The Republic – who have Forest striker Daryl Murphy in their squad – have not featured on the grandest international stage since 2002, though have reached back-to-back European Championships.

They take on a Denmark side who finished second behind Poland in their qualifying group and have lost just one of their last eight competitive home matches.

Assistant boss Roy Keane and Republic of Ireland manager Martin O’Neill

O’Neill’s current assistant, Roy Keane, this week said the manager was on a par with heavyweights Brian Clough and Sir Alex Ferguson for getting the best out of players on big occasions.

And Robertson believes there is likely to have been a fairly relaxed atmosphere in the camp in the build-up to the play-off clashes.

“He won’t be too bothered about tactics now. He’ll keep the lads focused on the game,” he said of O’Neill’s preparation.

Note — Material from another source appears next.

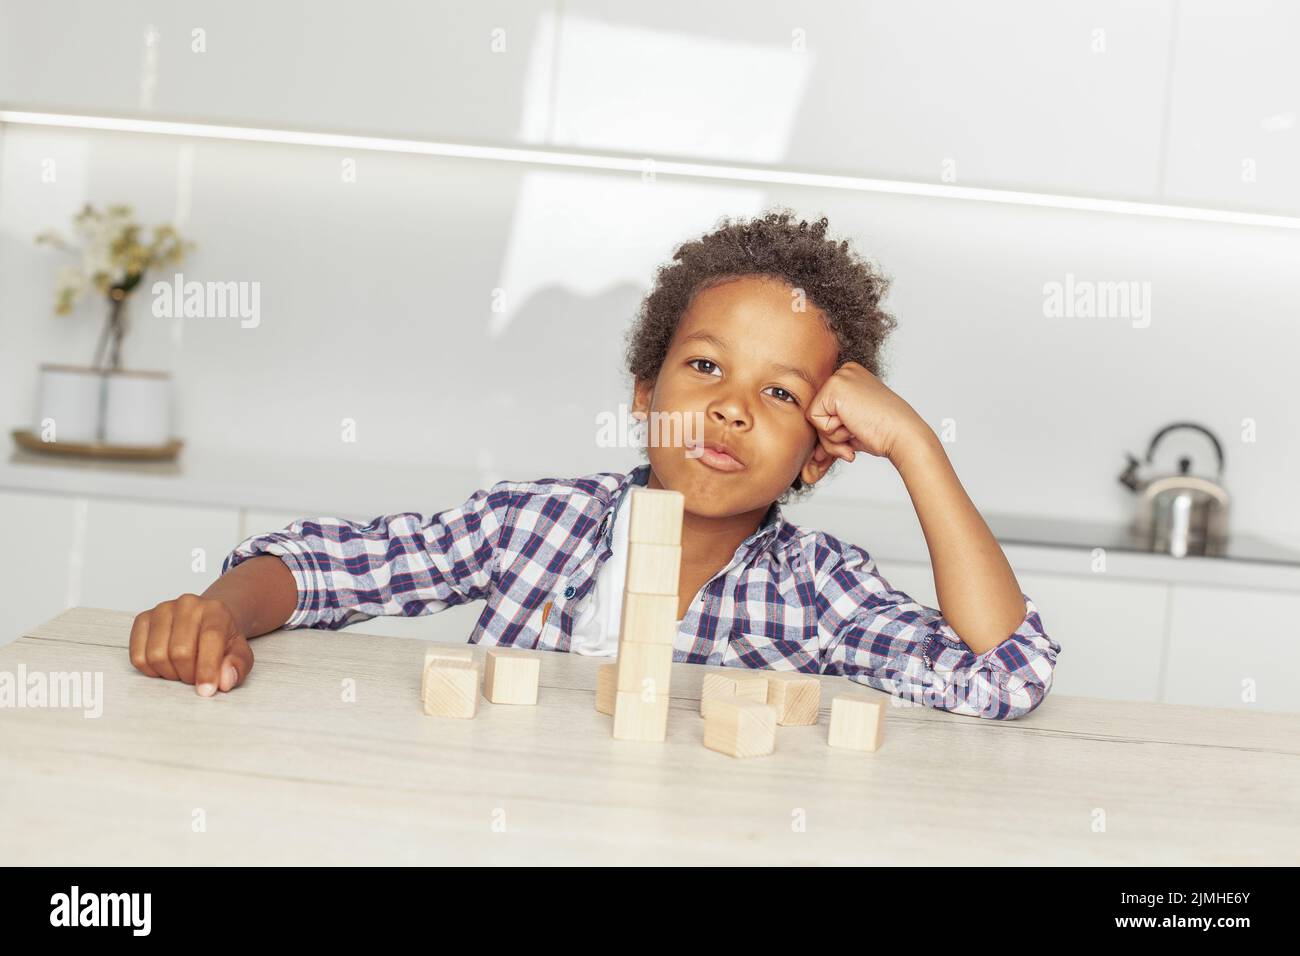 Retrato de niño pequeño africano americano gracioso con juguetes de bloque de madera de cubo Foto de stock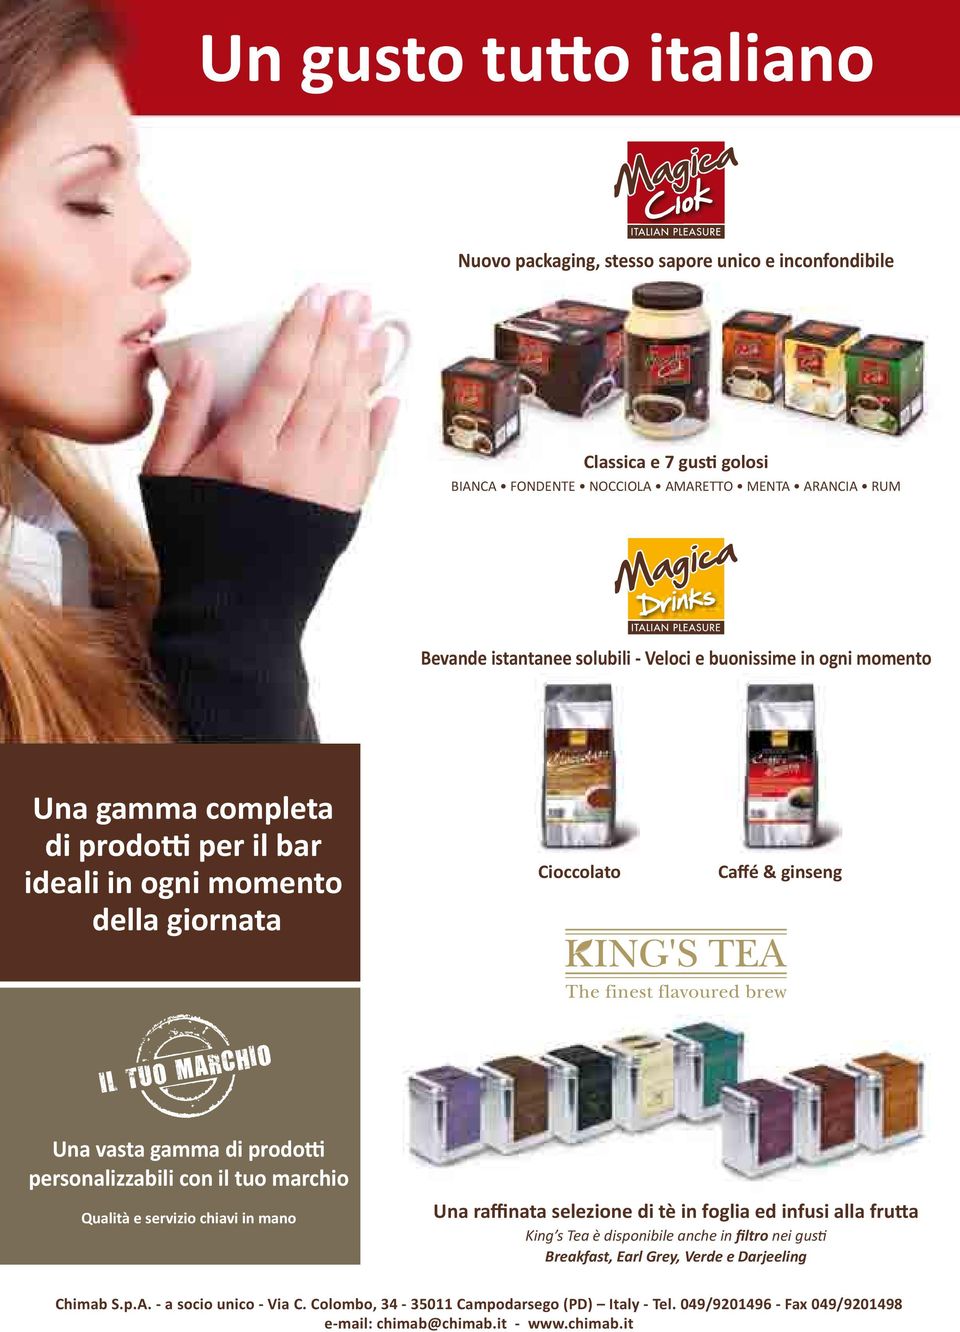 personalizzabili con il tuo marchio Qualità e servizio chiavi in mano Una raffinata selezione di tè in foglia ed infusi alla frutta King s Tea è disponibile anche in filtro nei gusti

“He won’t go into too much detail about it, just a bit of quiet training. I doubt he’ll have them training too hard; sometimes rest is as important as hard work.

“He won’t be filling their heads with too much information.

“He might talk about the opposition for about 10 minutes, but other than that, not too much.

“He’s a calm person.

“It’s going to be very difficult, but I don’t know if Denmark are any better than Wales – and Ireland beat them.

“They’ve got every chance.

“Even getting to the play-offs is an incredible achievement, though.”